The proposed data address-based shuffle mechanism can encounter data consistency risks due to the reliance on SSD-based caching for high-speed shuffle operations, particularly in e-government systems where data integrity is paramount. To mitigate these risks, the study advocates the use of hash-based integrity checks, such as MD5 checksums, applied to address information files during transmission and storage, ensuring that any corruption in pointers—essential for accurate data retrieval—is promptly detected.
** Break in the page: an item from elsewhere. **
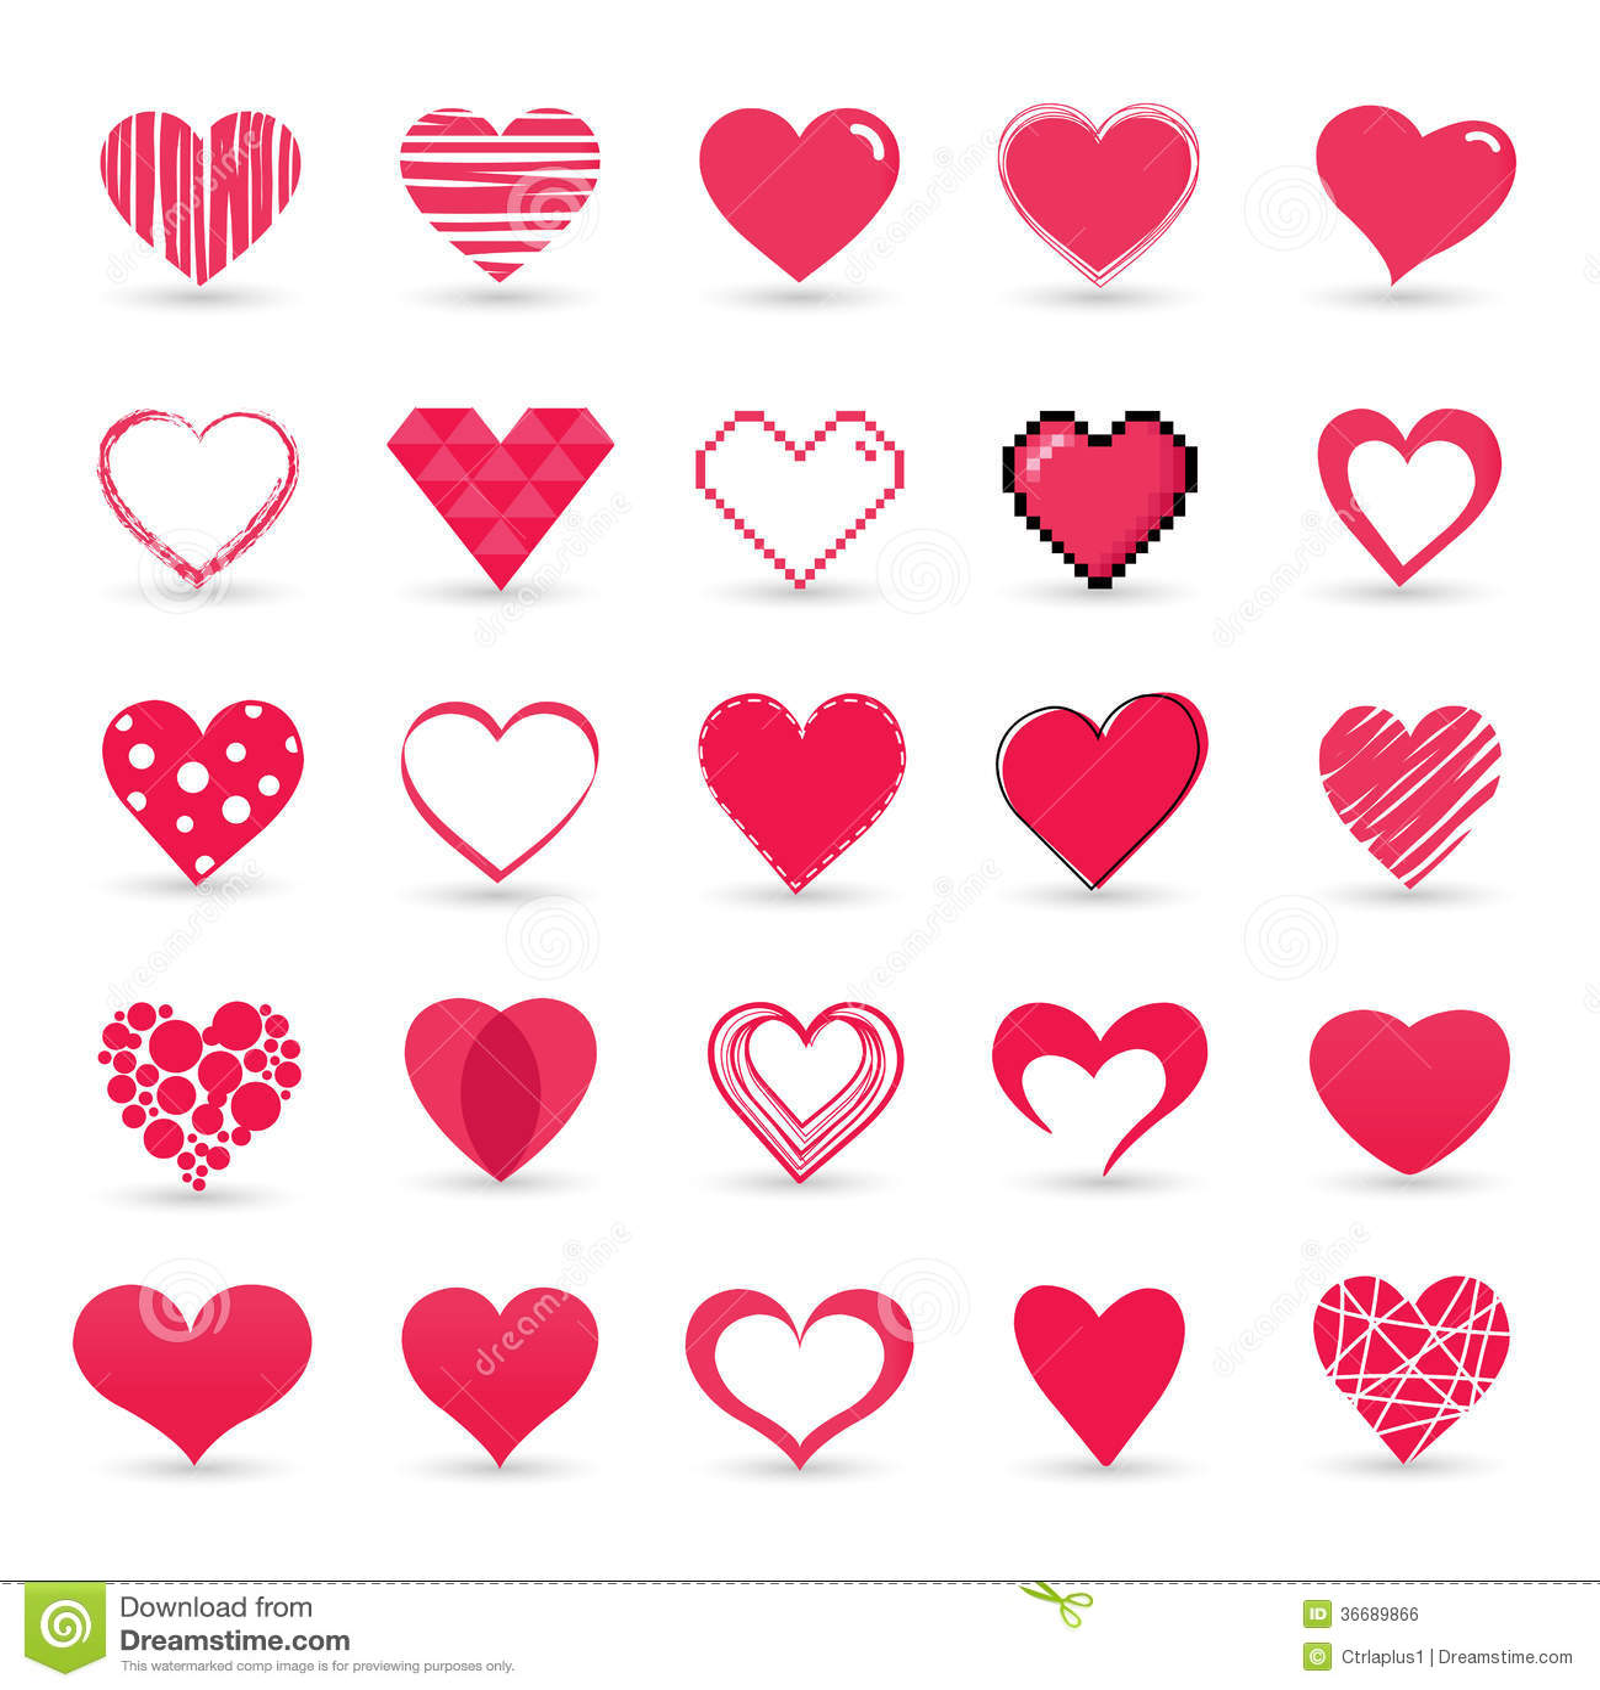 Heart valentine icon set

Additionally, the Hadoop Distributed File System’s (HDFS) replication strategy, maintaining a default replication factor of three, ensures that shuffle data and address files are redundantly stored across multiple SSDs, safeguarding against inconsistencies caused by caching errors. This approach, aligned with best practices outlined by²³, is critical for e-government applications handling sensitive datasets, such as citizen registries or financial transactions, where even minor inconsistencies could undermine trust and operational reliability. To address fault tolerance, particularly SSD failures, the study leverages Hadoop’s robust resilience mechanisms alongside optimized I/O strategies to ensure continuous operation in e-government environments. HDFS’s rack-awareness and replica placement policies distribute shuffle data and address files across physically distinct nodes, maintaining high availability even in the event of SSD failures.

Conversely, transitioning from a hybrid SSD + HDD storage setup, where SSDs cache frequently accessed data and HDDs handle bulk storage, to a full SSD storage configuration could aldo yield performance improvements, primarily due to the elimination of HDD-related bottlenecks in e-government Hadoop MapReduce clusters. In the hybrid setup, I/O performance is constrained by HDDs’ slower sequential read/write speeds (100 MB/s versus 550 MB/s for SATA SSDs) and higher latency (5–10 ms versus 0.1 ms for SSDs), particularly during shuffle phases involving large, infrequently accessed datasets. A full SSD setup leverages uniform high-throughput access across all data, reducing shuffle phase latency by an estimated 20–30% for I/O-intensive workloads like Terasort, as SSDs eliminate mechanical seek times and support concurrent random access. This is supported by²², who report up to 25% faster job completion times in SSD-only clusters for data-intensive tasks. Additionally, full SSD setups reduce network congestion by 15–20% by streamlining data retrieval, as all key-value pairs are accessed at SSD speeds, enhancing overall job execution efficiency by approximately 15–25% for e-government applications processing citizen registries or financial transactions.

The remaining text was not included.